If your couple of choice is Joe and Grace, you’re most intensely with them when they’re at risk, as when Blue Evans, the handsome blonde monster who orchestrated the massacre, seems about to gouge Joe’s eyeball out of its socket, or when, having escaped justice, he physically accosts Grace in Portland, his face “inches away. She could smell ginseng on his breath…. A fine straight nose, a sculptured, curling mouth. No one had said he was this handsome.” As she jerks away, he flings up his free arm “like a man hailing a hansom cab” to beckon the police, who arrest her for soliciting, in case you forgot that in 1887 America this admirable woman is treated as a half breed prostitute.
Princeton’s Howarth
In one of his July 2017 emails, Howarth mentioned teaching a freshman course on film noir and invited me to visit sometime “and see what the class of 2021 thinks of Bogart and Bergman.” Of course the man who quoted Thoreau on “secrets” and “obscurities” would teach a course on film noir. This also explains the reference in Deep Creek to a series of London murders during the same period: “harlot after harlot fund dead in the slums, throats slit, bodies torn open, organs cut away…. Papers called the killer Jack the Ripper.”
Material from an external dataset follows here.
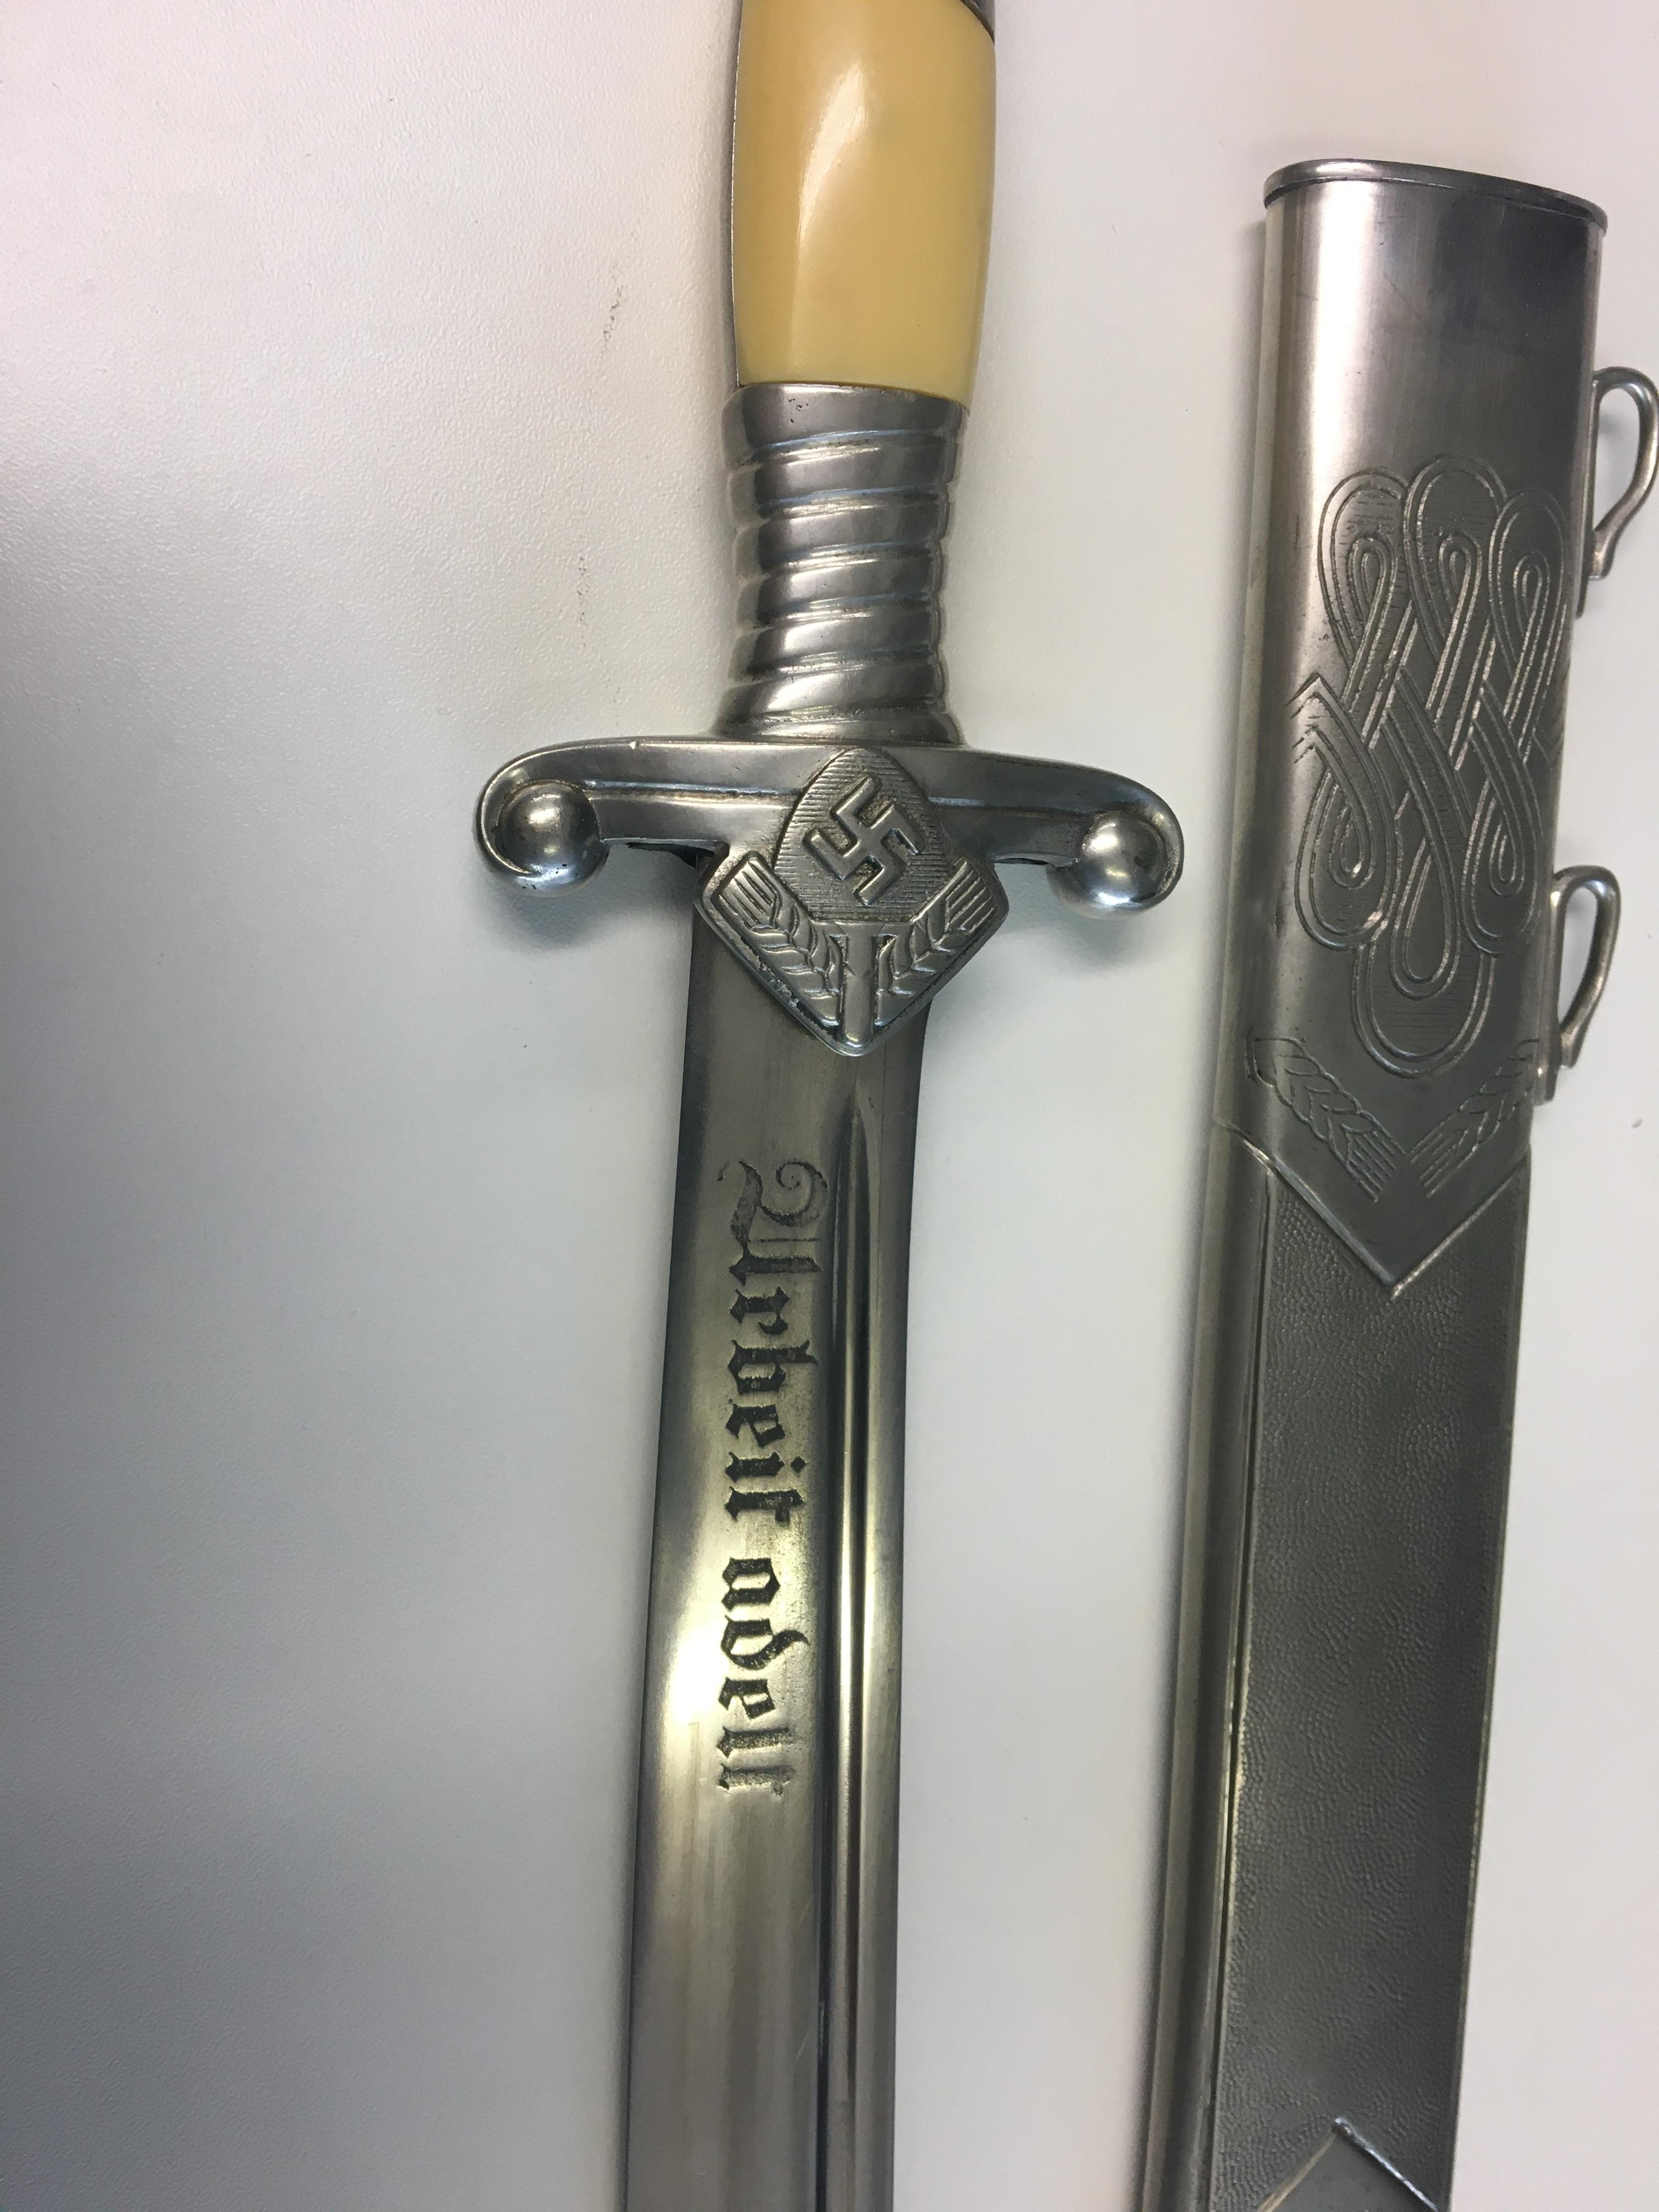 WWII German RAD Leaders Hewer and sheath, blade by Eickhorn. - Image 4 of 8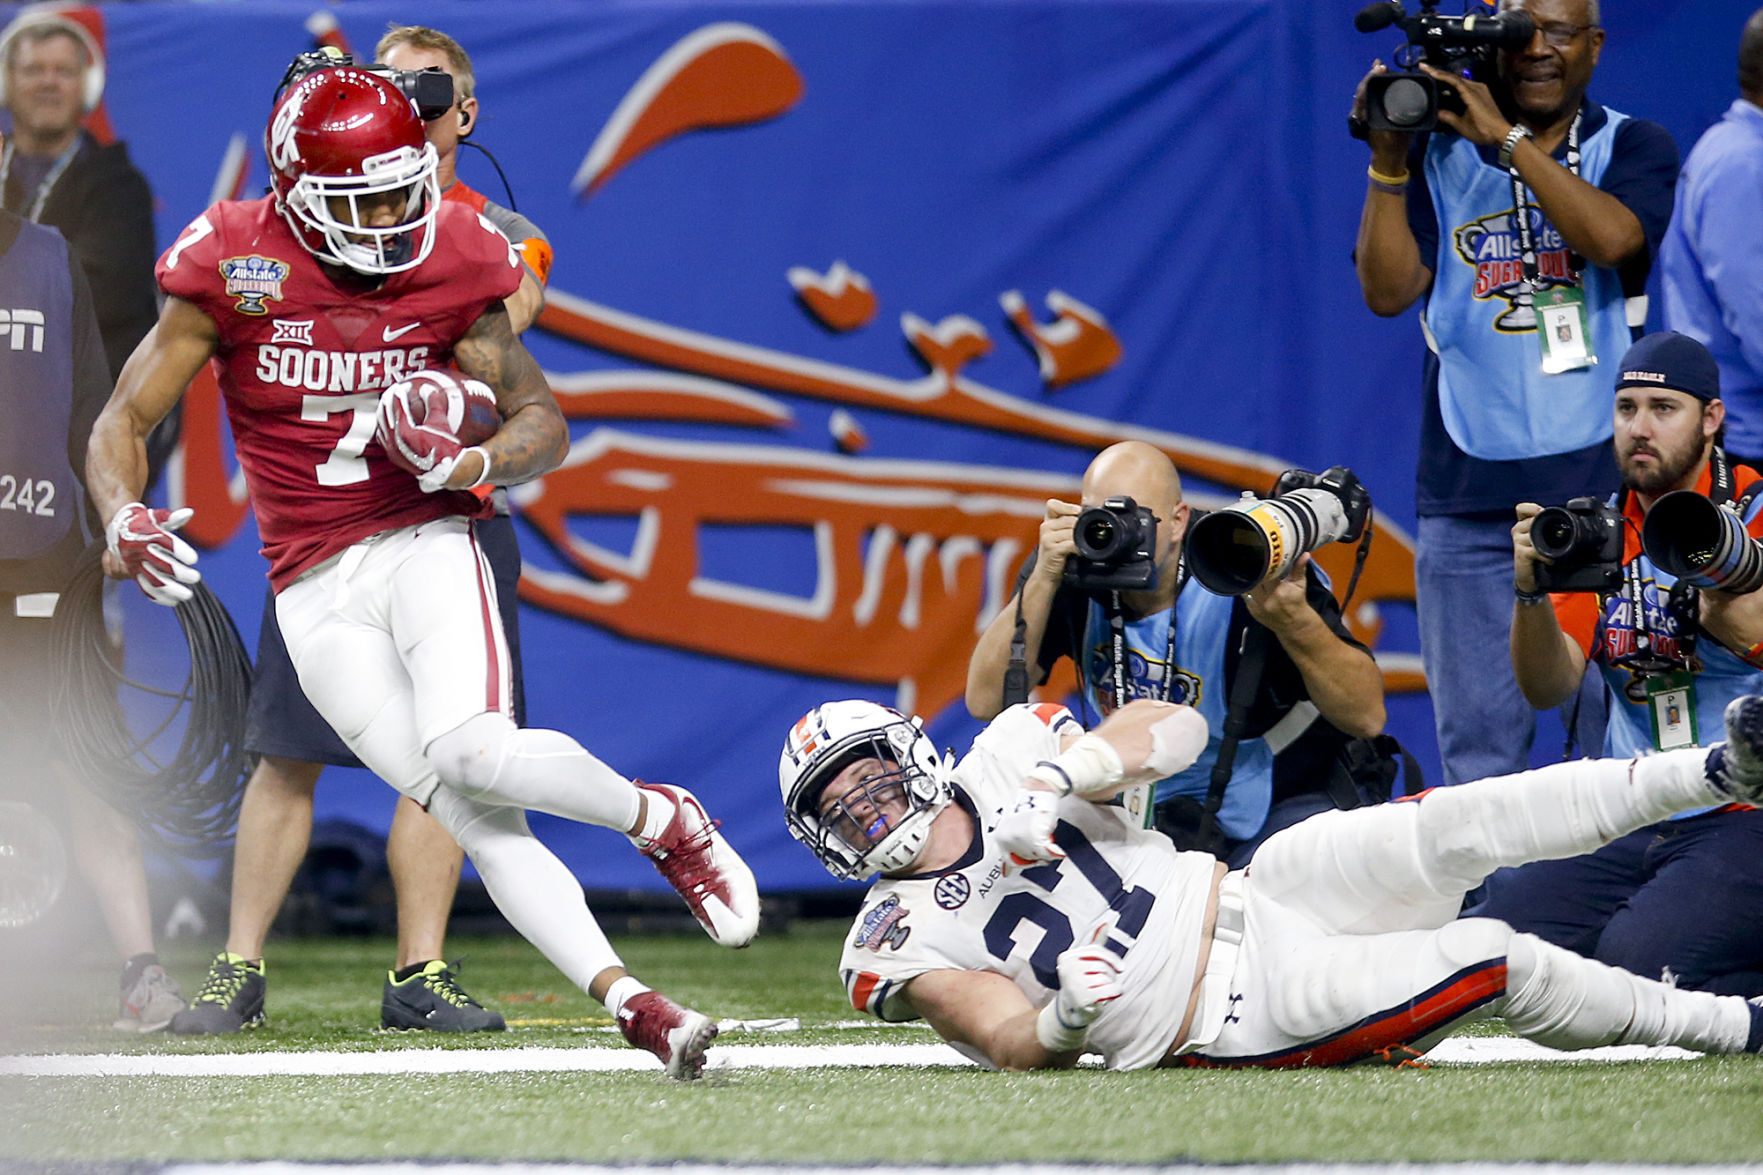 OU Sports Extra - Oklahoma football: A look at defensive backs

You get a nice sense of Howorth’s campus presence from his colleague Susan Wolfson, quoted in the impressive memorial statement from Princeton’s Office of Communications: “His office was a commodious one on the first floor [of Firestone Library], with high leaded glass windows facing the Chapel, and comfy chairs. It seemed he was always there, late into the evening, working away, but Will’s office was also, in the absence of any faculty lounge, something of a de facto hospitality suite, where everyone felt welcome to come by for conversation, for counsel, or just a cheery greeting.”